How Is Hip Dysplasia Treated?

Your vet will discuss the diagnosis with you and the treatment options. They may ask a member of specialist surgical team to speak to you or you can see them directly to discuss the options. There are many options for treatment and we would treat each pet as an individual taking into all the factors to make the right decision.

Non-surgical treatment:
This involves weight and exercise management, anti-inflammatory pain killers and hydrotherapy. A plan is created and the success of this is carefully monitored with regular checks with your local practice. For example, we wouldn’t want a young pet to need drugs for life so this would not be counted as successful. Non surgical treatment is appropriate for mild cases. Even if it was successful at young age many dogs will go on to develop arthritis requiring treatment in the future.

Surgery is either aimed at modifying the hip anatomy or surgeries that salvage the hip.

Juvenile pubic symphysiodesis

This surgery fuses a part of the pelvis so as to improve the coverage of the femoral head by the acetabulum. Fusion is achieved by use of electrical cauterisation of the pubis. This surgery is only suitable for dogs under 5 months of age but because may pets present a bit later than this it is not often applicable. It can be used as a prophylactic surgery in very select cases.

Double pelvic osteotomy (DPO)

If there is no arthritis, just laxity, it may be possible to make two cuts into the pelvis to free up the acetabular segment and rotate it to cover the hip joint better. The new position of this segment is held in place with a special type of plate. The Ortlani test and X-rays are very important in selecting the right candidates for this surgery. With successful realignment patients may not develop arthritis in the operated joint.

You may see and hear vets refer to a surgery called the TPO (triple pelvic osteotomy). This is the same type of surgery but it is more invasive because three cuts were made. The DPO represents a refinement in the technique.

Total hip replacement (THR)

Like in humans it is possible to replace the femoral head and the acetabulum with new, better functioning implants. The femoral head is replaced with a metal implant that is attached to the rest of the bone with cement or a system can be used where the bone grows into the implant. The socket is replaced with a plastic and metal cup. Following surgery pets are rested really well to ensure a complication free recovery. The major issues with this surgery are infections and dislocation. Pets should be free of infection before surgery is undertaken and they are kept in the hospital for rehabilitation before they go home. This generally takes a week. They need complete rest for 2 months and at this point post operative X-rays are taken. If everything has healed your pet will slowly return to normal exercise 1 month later.
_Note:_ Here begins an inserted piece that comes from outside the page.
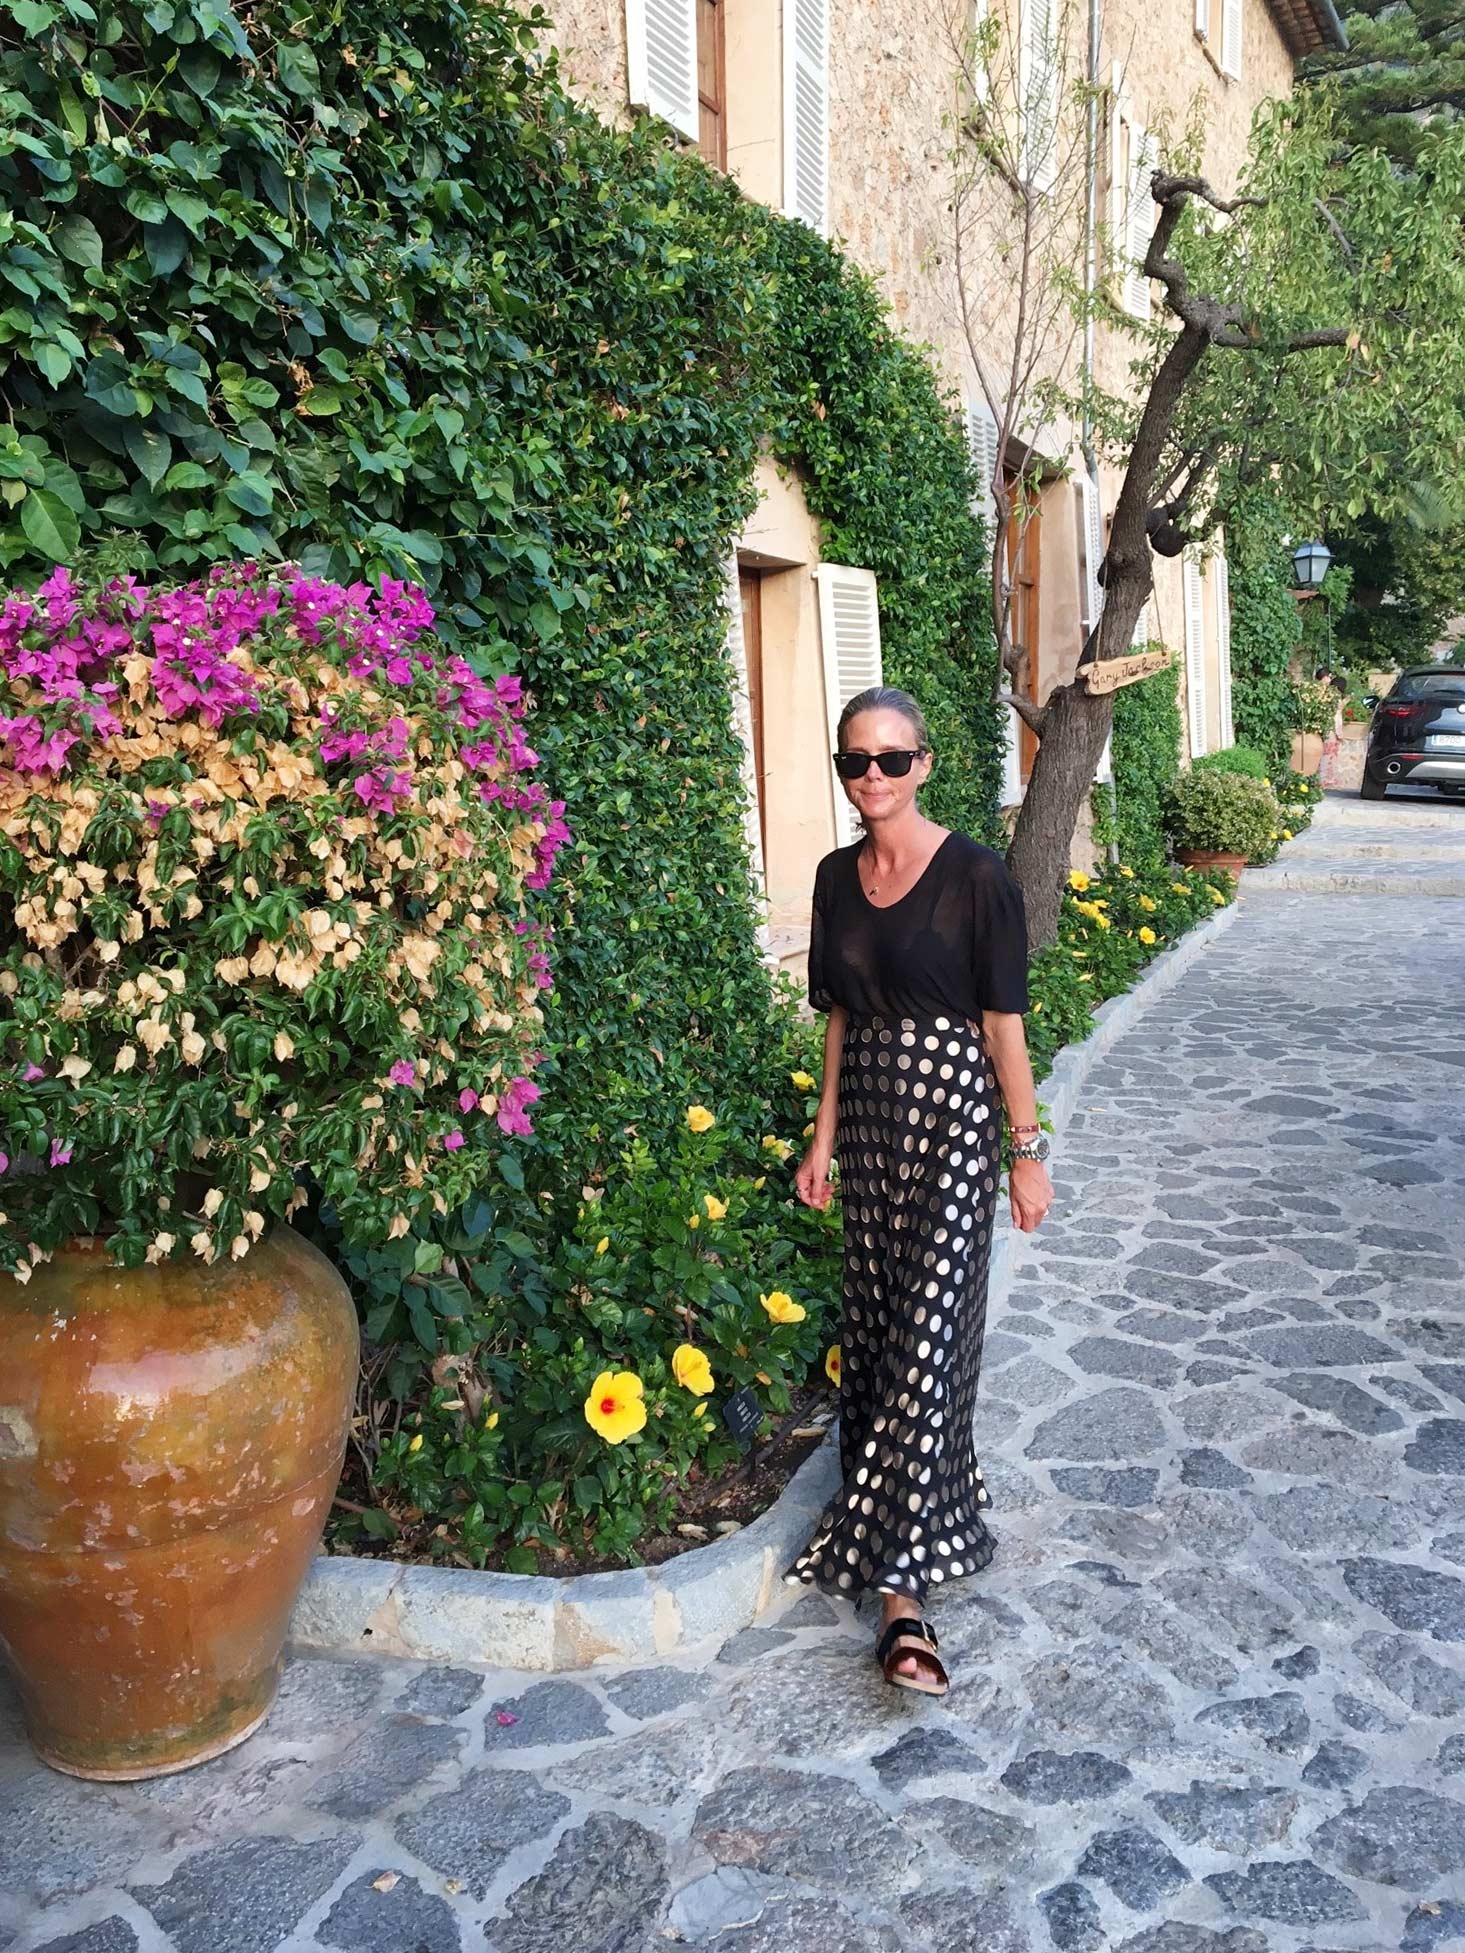 Sophie Lee strolls past lush green vines, blooming flowers and old buildings on her way to dinner 
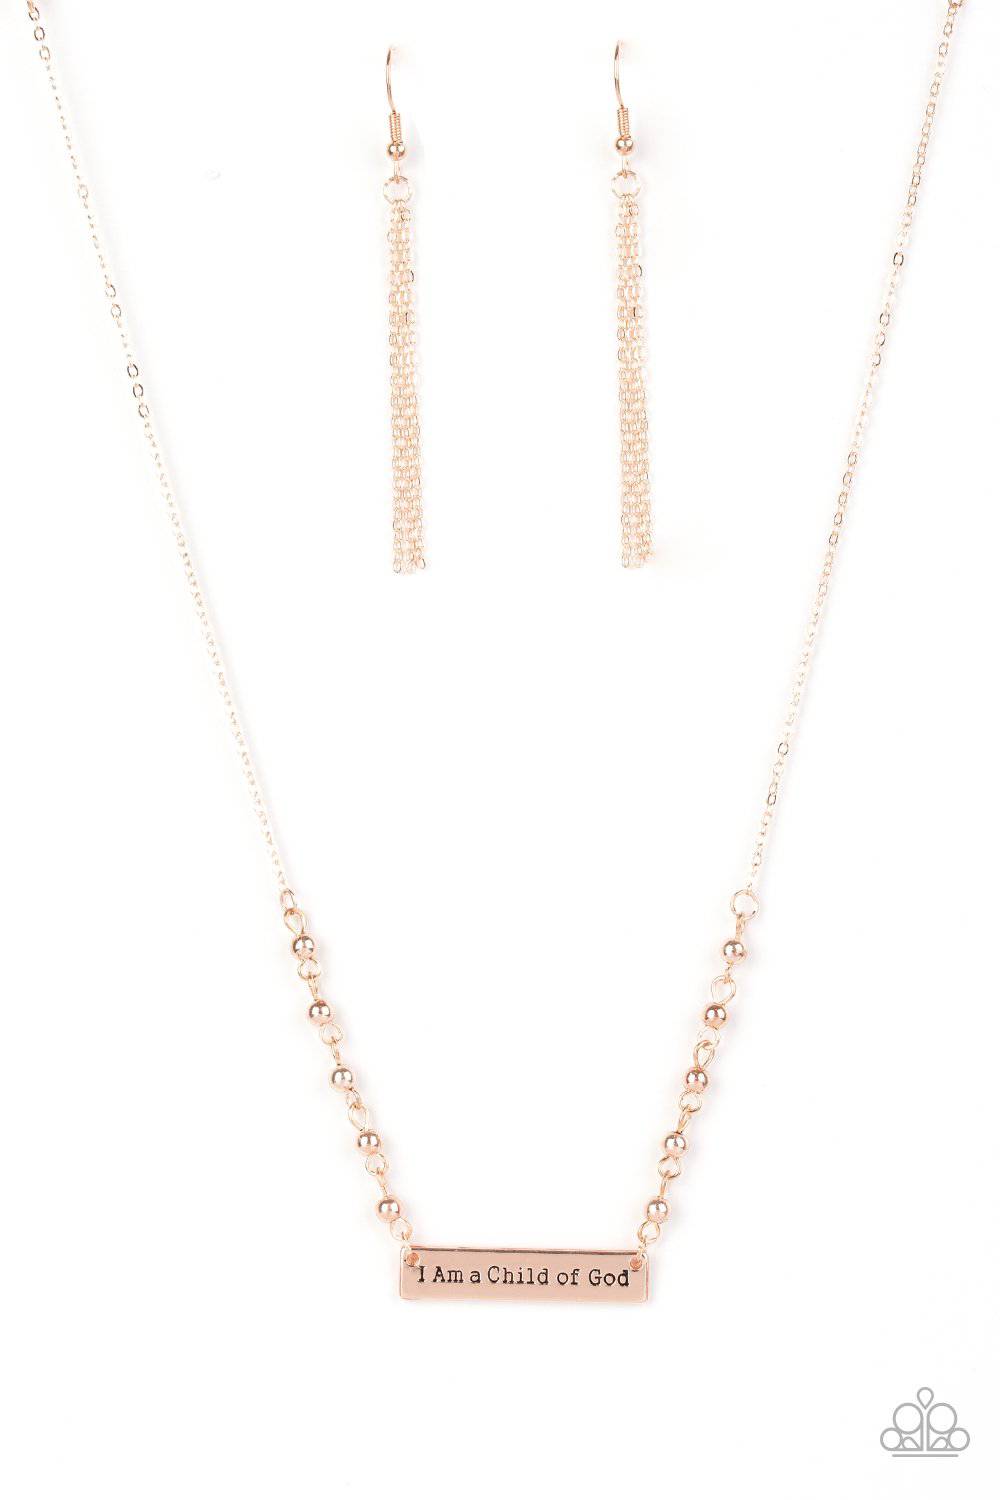 Send Me An Angel - Rose Gold Necklace - Paparazzi Accessories - GlaMarous Titi Jewels

The success rate of the surgery is high with many patients returning to normal activity. But the surgery is the most expensive option and has greater, more serious complications than the other surgeries. Overall the complication rate has fallen over the years which is helped by the experience of our orthopaedic team.

Femoral head and neck excision

The femoral head and neck can be completely removed to eliminate pain. It converts the ball and socket hip joint to more of a hinge joint. By eliminating the bone on bone contact the joint is more comfortable with good function. It is less expensive in comparison to a total hip replacement and the post-operative rest requirements are less. Postoperative physiotherapy and rehabilitation is key to longterm success. After surgery your pet will stay with us for a couple of days to make sure mobility is restored and your pet is sent home with appropriate pain relief. The exercise levels and mobility are reviewed every two weeks and recommendations are made to ensure a smooth recovery. We usually see that most pets are back to normal after 8 weeks. The surgery is more suitable in smaller dogs and it is imperative that the excision is performed a certain way to minimise any spurs or sharp edges. Our experience, coupled with our equipment will ensure the highest standard of surgery to ensure everything is done to obtain the best outcome possible.